MMMが「戦術」から「戦略」へと変化している背景
2026年に入り、マーケティング・ミックス・モデリング(MMM)の位置づけが大きく変わってきています。これまで多くの企業がMMMを「過去の広告効果を振り返るツール」として使ってきましたが、今では「未来の投資判断を支える戦略ツール」として活用される時代になったんです。
この変化の背景には、世界の広告市場の急成長があります。電通グループの調査によると、2026年の世界の広告費は初めて1兆米ドルを超える見通しで、2025年の9,891億米ドルから大幅な増加が予測されているんですね。つまり、これだけ巨額の投資が動く中で、「なんとなく」や「勘」でマーケティング予算を決められる時代は完全に終わったということです。
実際、弊社でお手伝いしている製造業のクライアント(従業員数約50名)でも、「今まで展示会に年間300万円かけていたけれど、本当に効果があるのかわからない」という相談をよく受けます。このような企業では、MMMを導入することで各チャネルの実際の貢献度を数値で把握し、より効率的な予算配分を実現できるようになったんです。

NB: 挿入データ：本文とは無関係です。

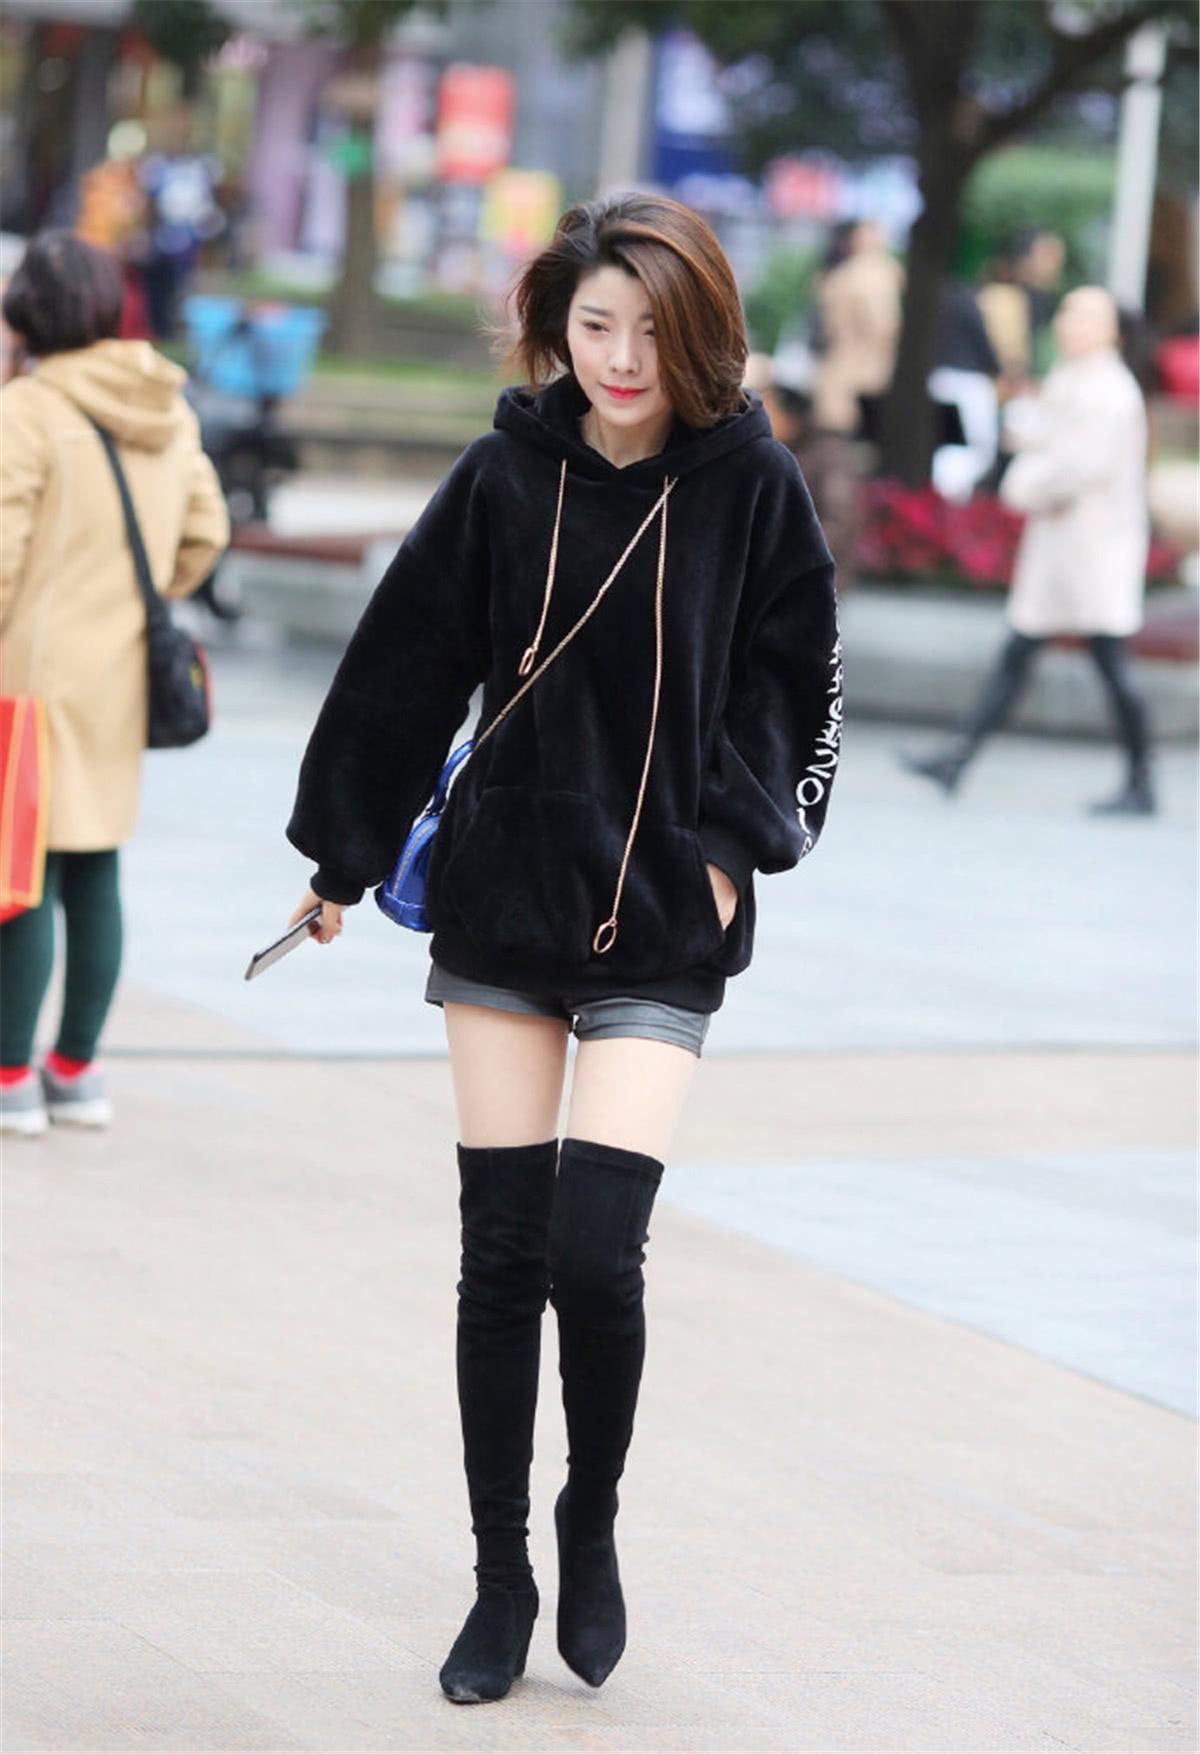 """路人街拍:短发小姐姐脚踩""""及膝鞋"""",走在街上时髦又养眼!"""
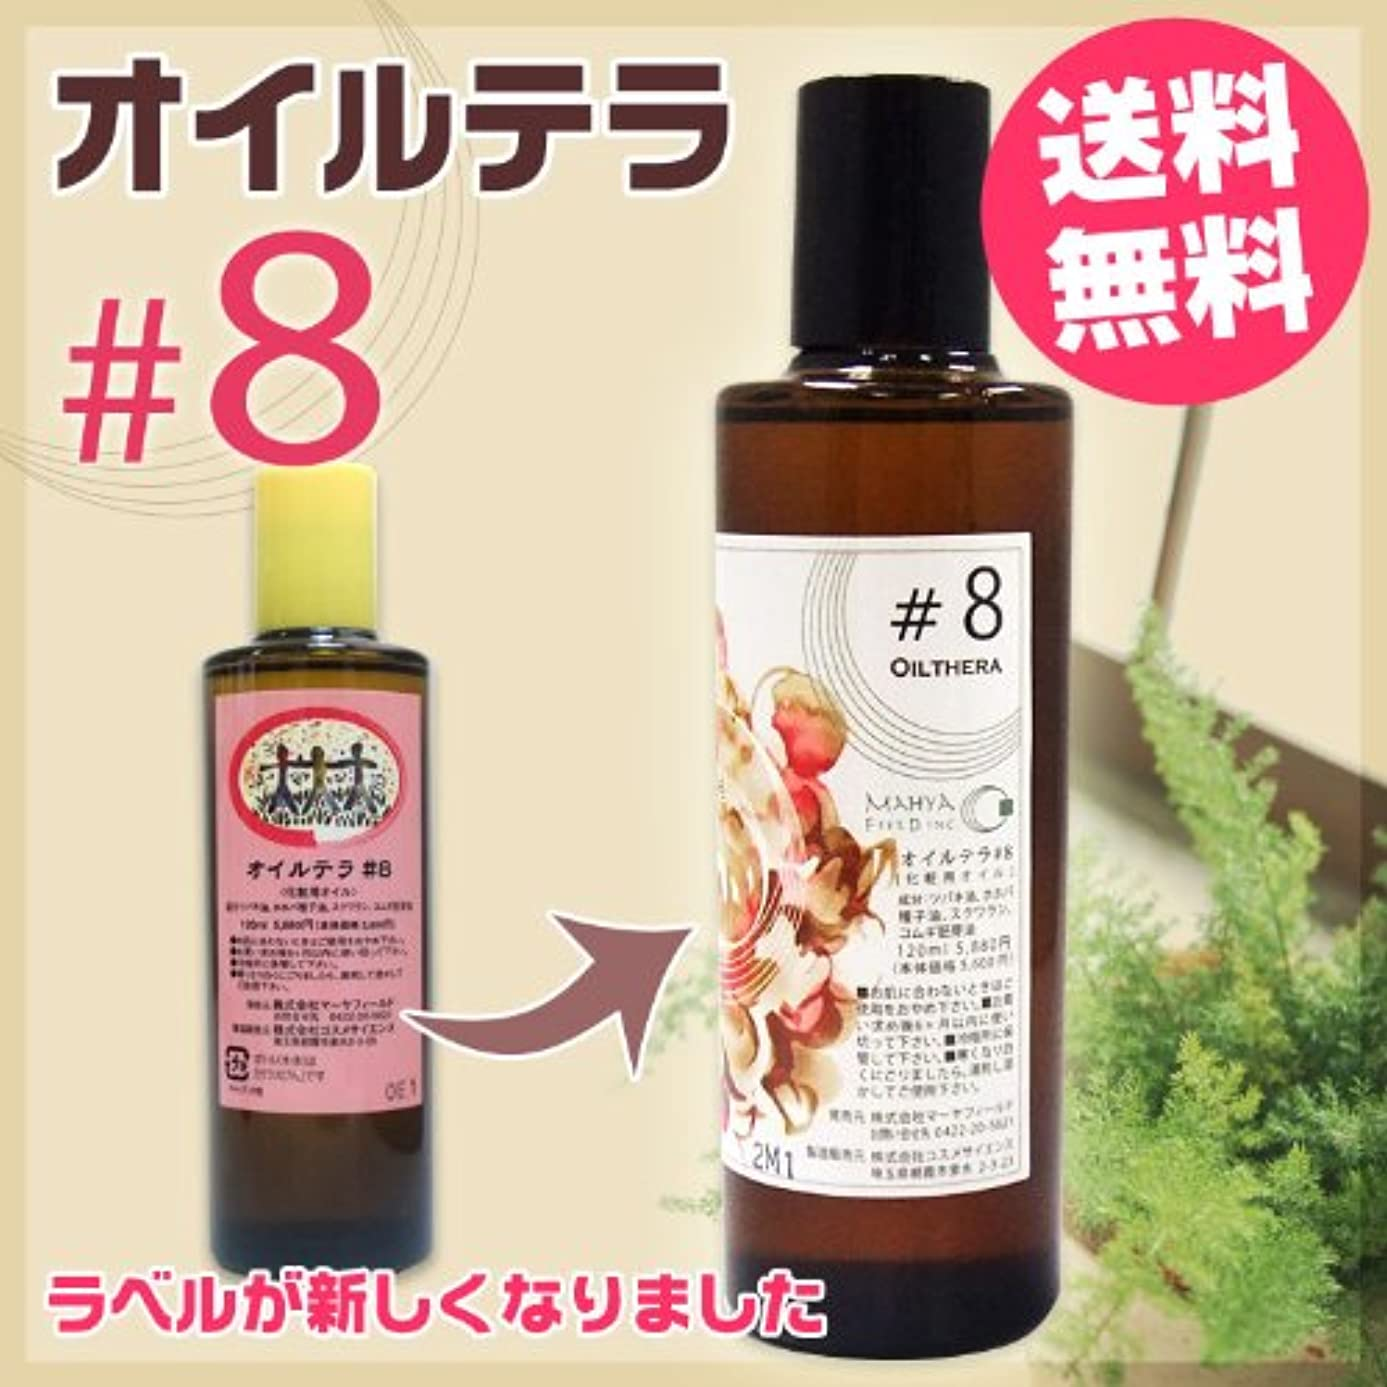 豆腐頬骨無意識オイルテラ8番 (スオイルテラ?8)

マーケティング・ミックス・モデリング(MMM)は、テレビCM、WEB広告、店頭販促など複数のマーケティング施策の効果を統計モデルで分析し、売上への貢献度を定量化する手法です。「どの施策にいくら投資すべきか」を科学的に判断できるようになります。
PayPayが示すインハウス運用の威力
MMMの戦略活用で注目すべき事例がPayPayです。同社では、MMM運用をインハウス化することで、月次での最新分析アウトプットを可能にし、変化の速い市場環境にタイムリーに対応できる体制を整えています。
これまでのMMMは、外部の専門会社に依頼して「四半期に一度レポートをもらう」という運用が一般的でした。でも、それだと市場の変化に対応するには遅すぎるんですよね。PayPayのように月次で分析結果を出せれば、「先月のキャンペーンの効果が予想より低かったから、来月の予算配分を見直そう」といった機動的な判断が可能になります。
リテールメディア台頭で複雑化するマーケティング環境
MMMが重要性を増しているもう一つの理由が、マーケティングチャネルの複雑化です。CARTA HOLDINGSの調査によると、日本のリテールメディア広告市場は2026年に1兆3,174億円に達する見込みで、2025年の6,066億円から倍以上の成長が予測されています。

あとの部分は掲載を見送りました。